Document Type: Original Research Article


1 Student in Midwifery, Department of Midwifery, School of Nursing and Midwifery, Mashhad University of Medical Sciences, Mashhad, Iran

2 Assistant Professor, Department of Midwifery, School of Nursing and Midwifery, Mashhad University of Medical Sciences, Mashhad, Iran

3 Assistant Professor, Department of Biostatistics, Faculty of Public Health, Mashhad University of Medical Sciences, Mashhad, Iran

4 Professor, Department of Psychology, Ferdowsi University of Mashhad, Mashhad, Iran


Background & aim: Physiological changes during pregnancy cause high levels of stress in the mother. Thus, the need for maternal psychological adjustment using coping strategies is important. Coping strategies can be influenced by individual beliefs and attitudes. Therefore, this study was performed to determine the relationship between irrational beliefs and prenatal coping strategies.
Methods: This descriptive correlational study was conducted on 702 low-risk pregnant women at 35-39 weeks of gestation (gravidity: 3≥) who referred to the health centers of Mashhad, Iran, during 2015. Multi-stage random sampling was used to select the participants (stratified, cluster proportional to size). Data collection tools included Demographic and Midwifery questionnaire, Irrational Beliefs Test, and Revised Prenatal Coping Inventory. Reliability of the scales was determined with inter-class correlation coefficient. Data were analyzed using descriptive statistics, Spearman correlation, regression, and general linear models by SPSS, version 16.
Results: Total score of irrational beliefs had a significant direct correlation with avoidance coping strategies (r=0.24, P<0.001), but it had no significant correlation with planning-preparation and spiritual-positive coping strategies (P>0.05). Also, types of irrational beliefs were significantly related to the dimensions of perinatal coping strategies (P<0.001).
Conclusion: Considering that types of irrational beliefs can affect stress coping behaviors, it is necessary to include the evaluation of these two issues in prenatal screening.
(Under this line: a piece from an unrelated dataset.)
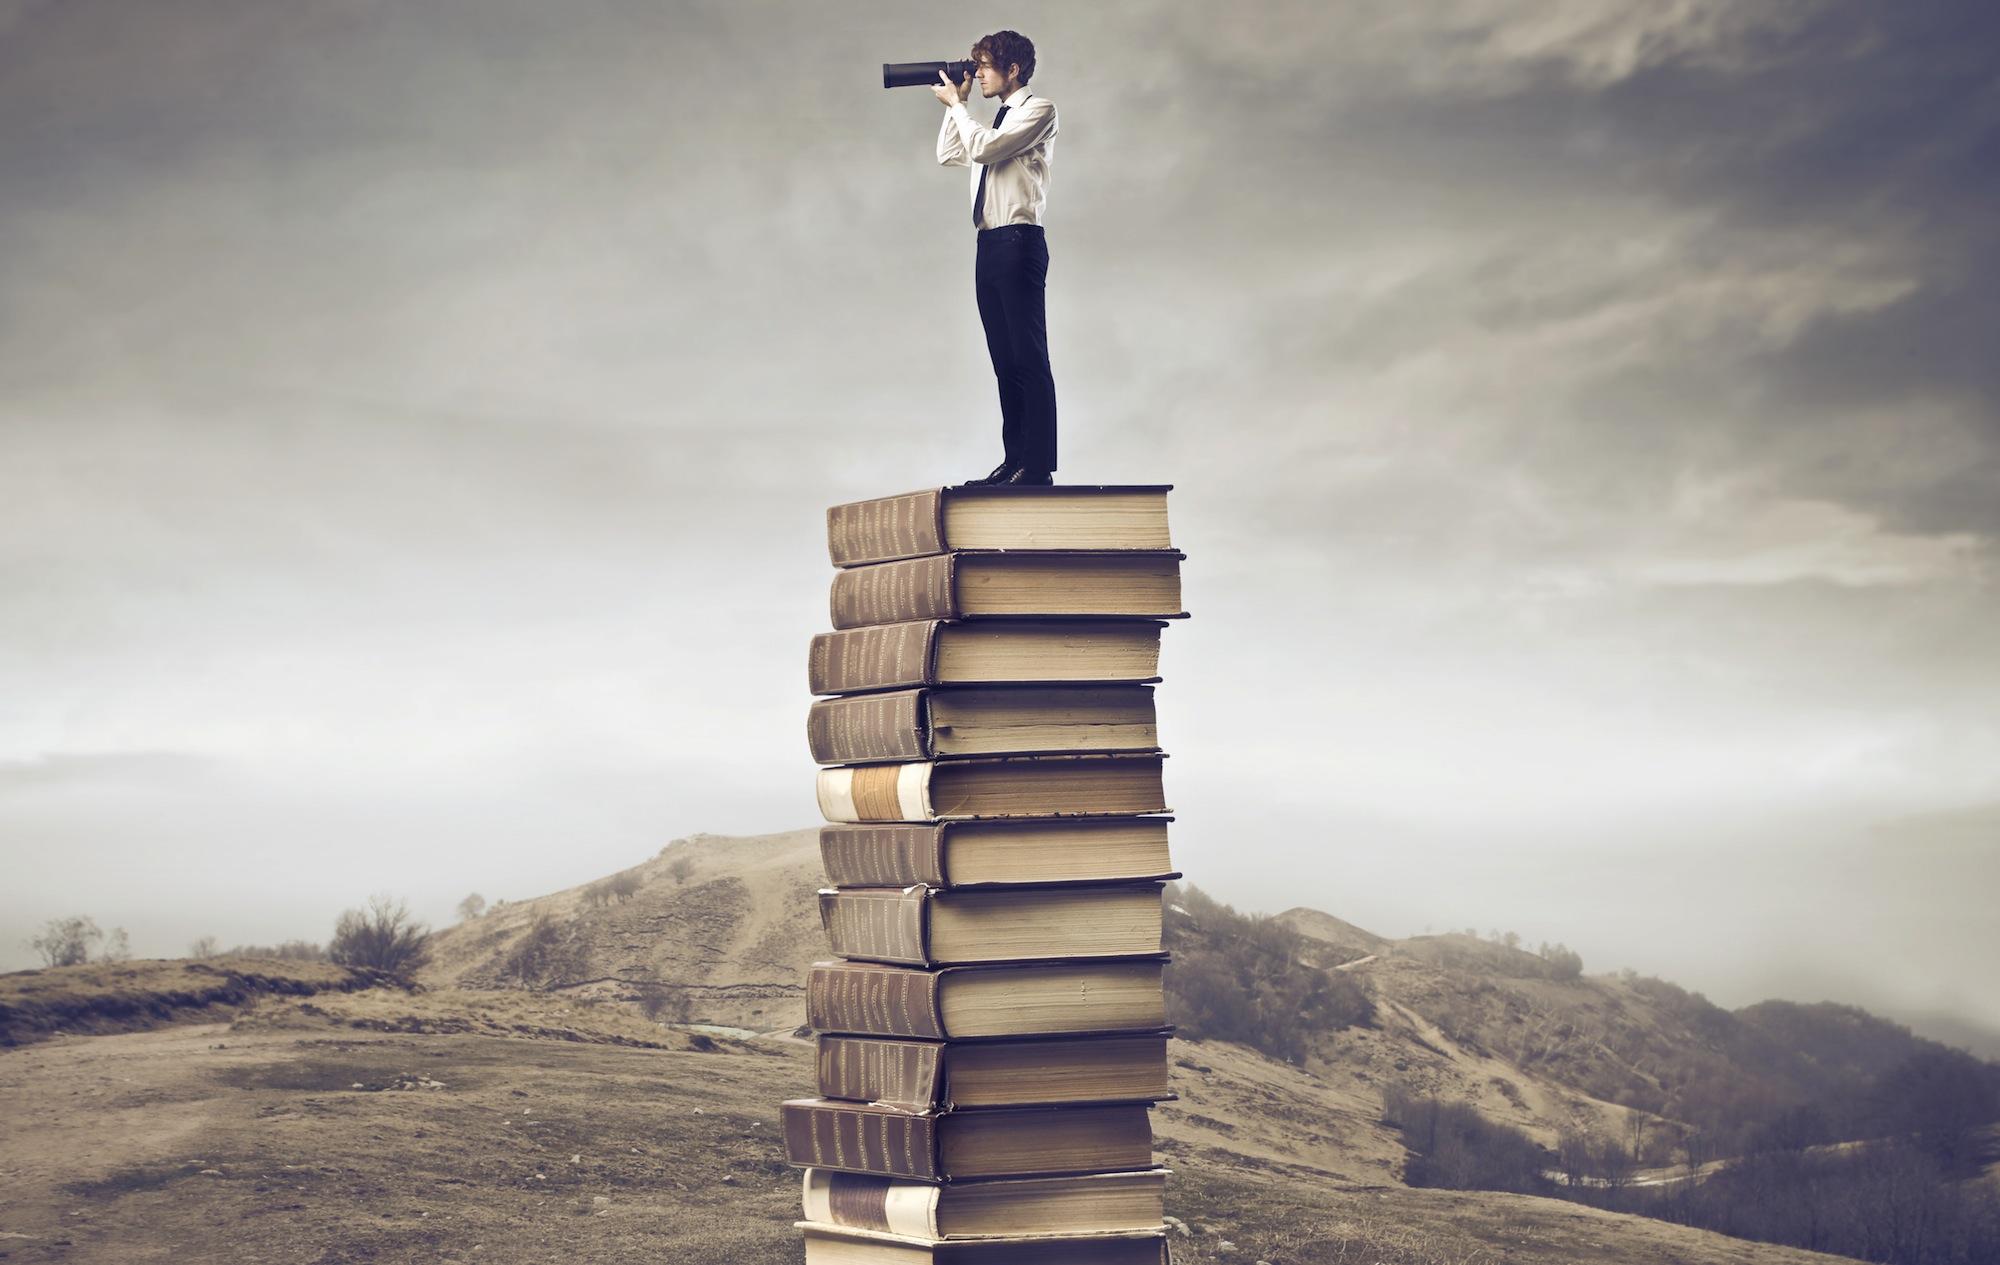 تصاویر انگلیسی انرژی مثبت جملات انگیزشی و  مثبت درون مورد هدف و  موفقیت

Pregnancy is a physiological event, which can cause stress and anxiety in the mother due to neuroendocrine, physical, psychological, and social changes (1). In this period, mothers should adapt to their new role. For some women, change and taking on the increasing pregnancy-related responsibilities is challenging (2). In addition to daily stresses, pregnant women are concerned about the health of their child and the unknown process of delivery (3). Holmes and Rahe also accounted pregnancy as a stressful event, and gave it a score of 40 out of 100 (4).

Studies performed in England and Sweden reported the prevalence of stress in pregnancy to range from 33% to 37% and from 5% to 7%, respectively (1). The study of Bahadoran (2005) in Isfahan, Iran, showed that 19.27% and 25.58% of the pregnant women suffered from moderate and severe levels of stress, respectively (5). Complications of stress during pregnancy, delivery, and lactation include abortion, nausea and vomiting, preeclampsia, weight loss, preterm labor, low birth weight, episiotomy infection, postpartum depression (6, 7), and increased probability of elective or emergency cesarean section (8), hence the need for mental coping strategies (8, 9). Prenatal coping strategies are a series of cognitive and behavioral efforts that an individual uses to manage the stressful event during pregnancy (10).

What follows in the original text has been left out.